▶ _Work instructions_
Range to copy from the entries below: the line containing "pantalón vaquero amarillo, de" through the line containing "Northgate Boulevard Cruise", inclusive. Retype only those lines, exactly, without any images.
Information given below:
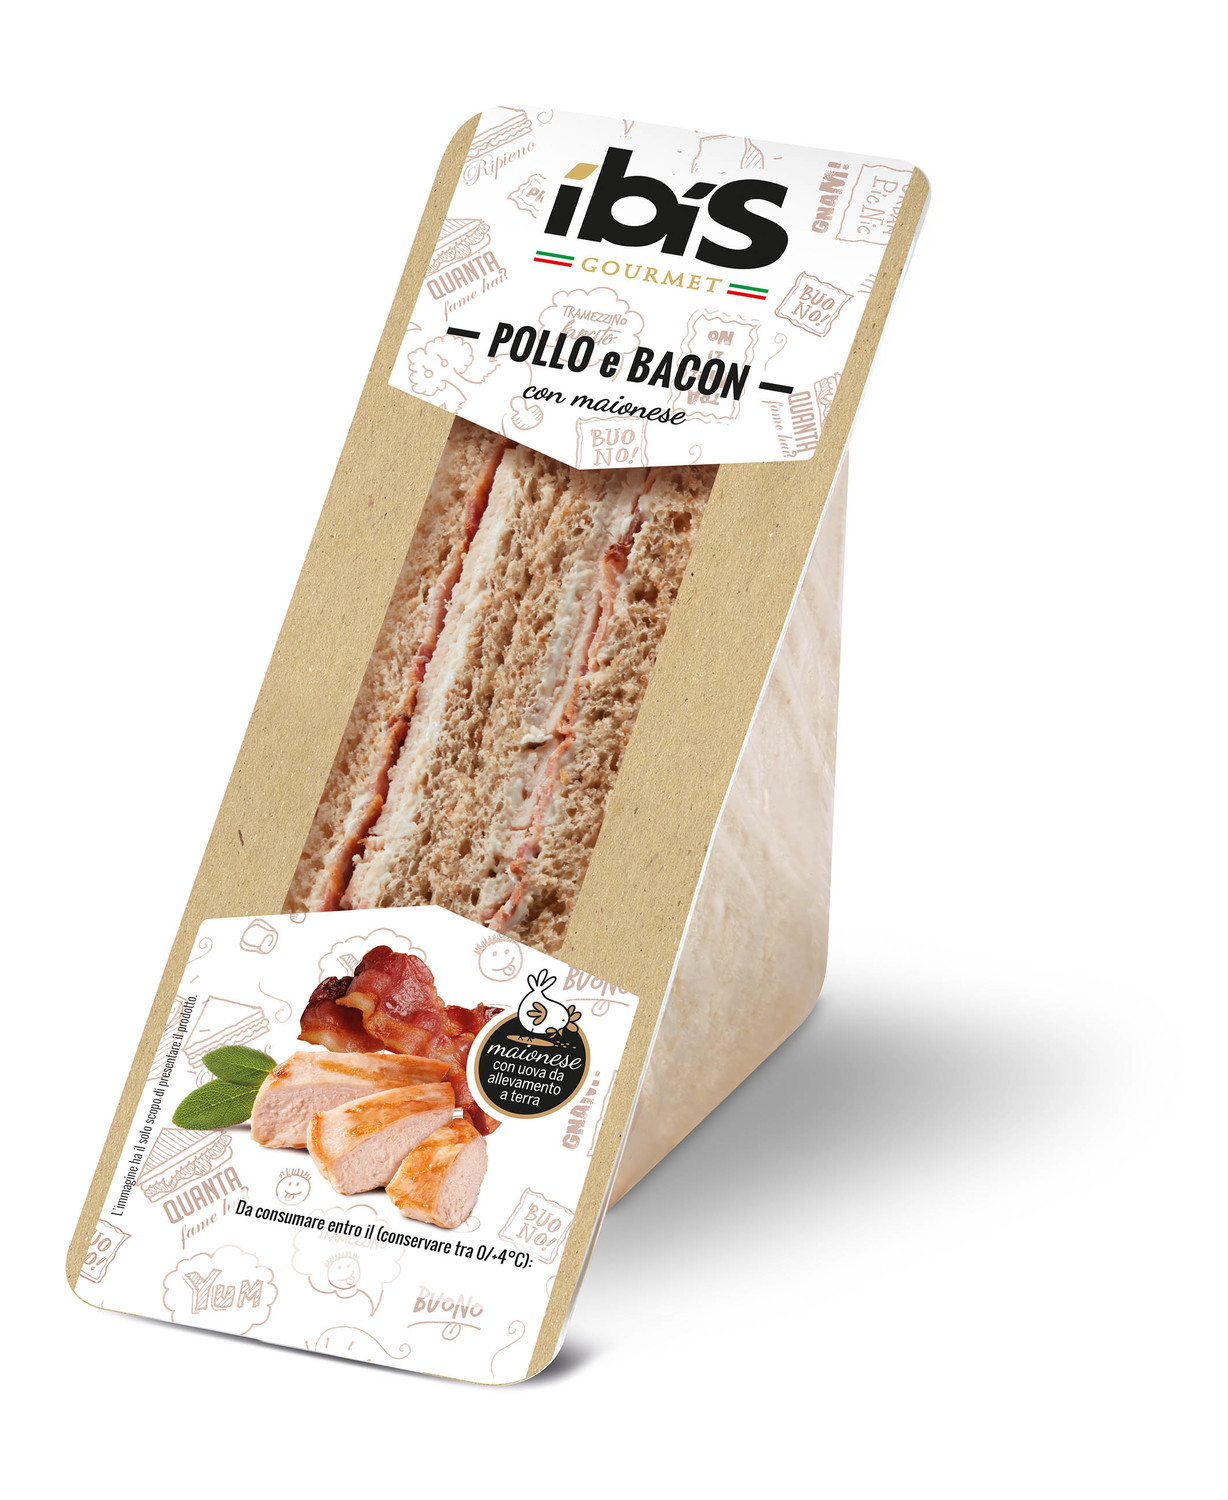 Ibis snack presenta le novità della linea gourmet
End of Information given.
Information given below:
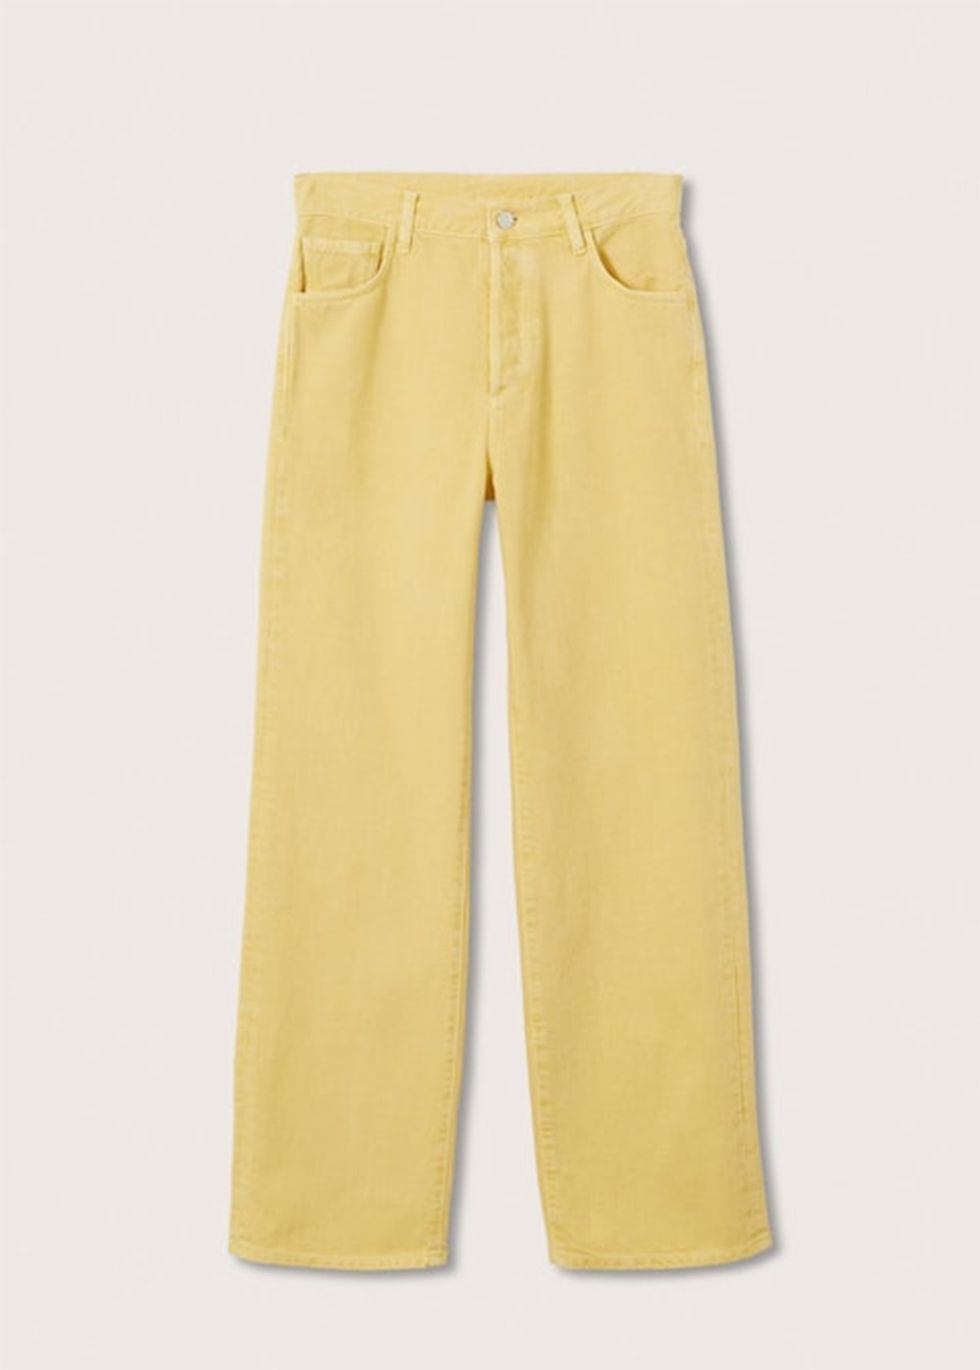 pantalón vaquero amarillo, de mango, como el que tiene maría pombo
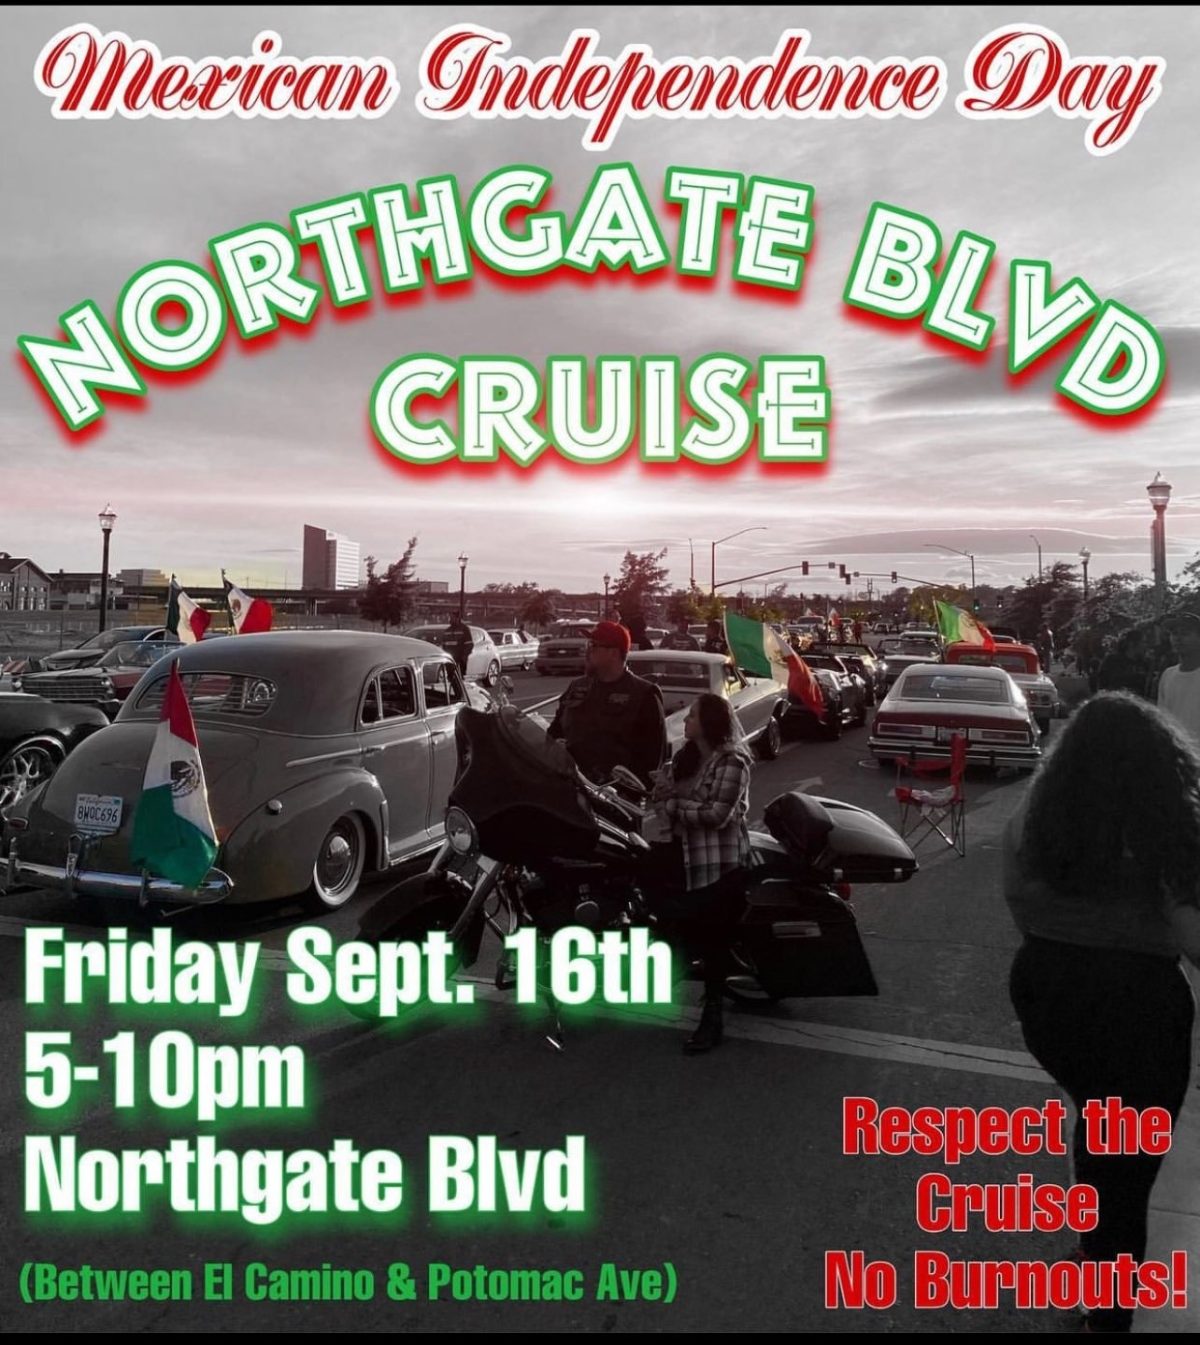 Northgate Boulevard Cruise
End of Information given.
Information given below:
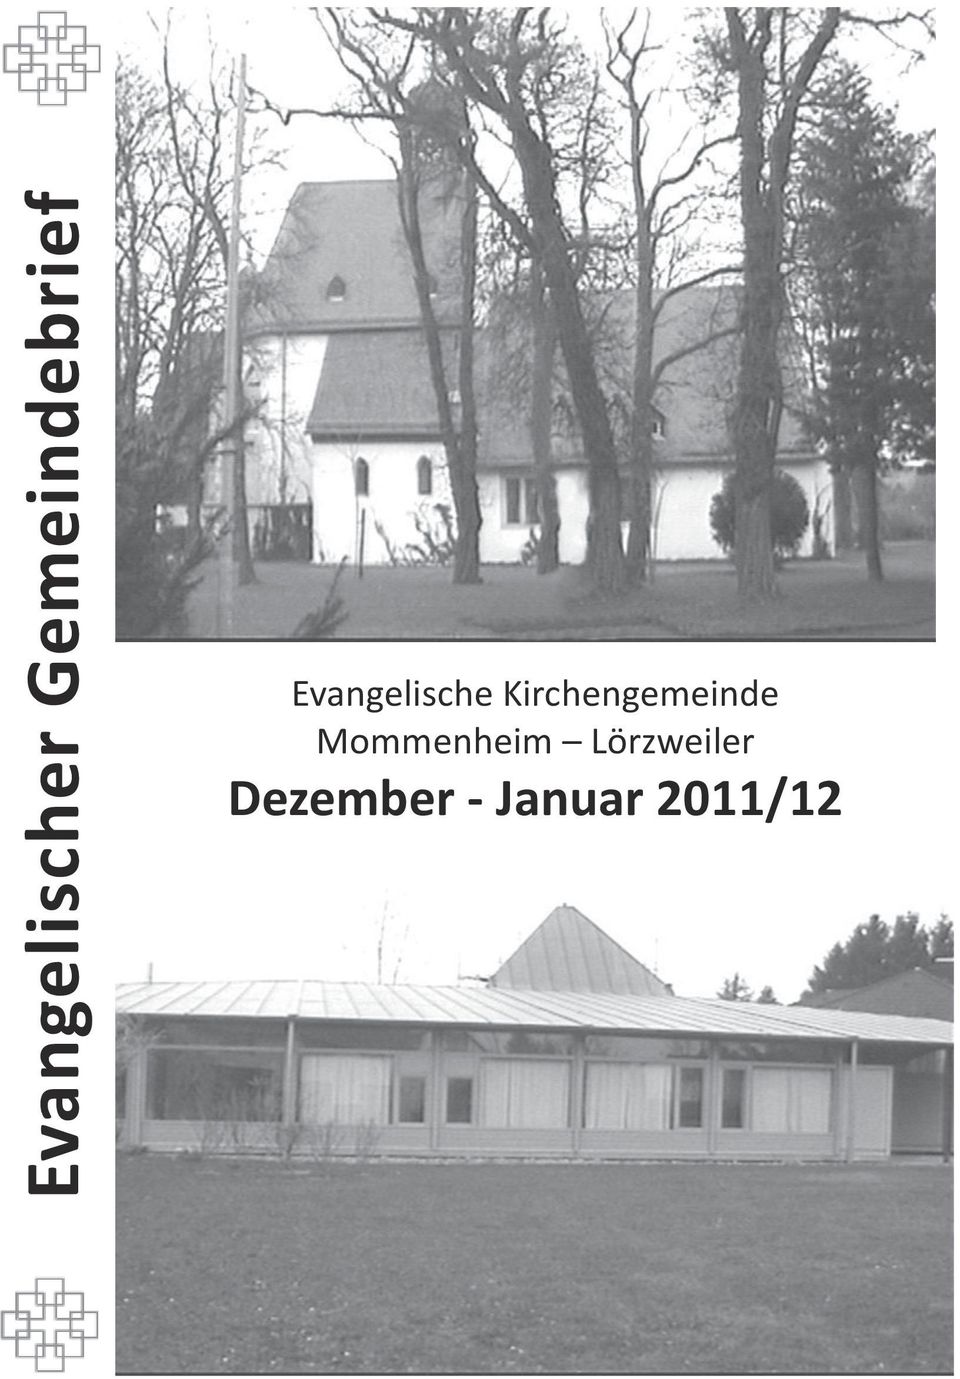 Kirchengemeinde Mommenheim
End of Information given.
▶ _Reply_
 pantalón vaquero amarillo, de mango, como el que tiene maría pombo
 Northgate Boulevard Cruise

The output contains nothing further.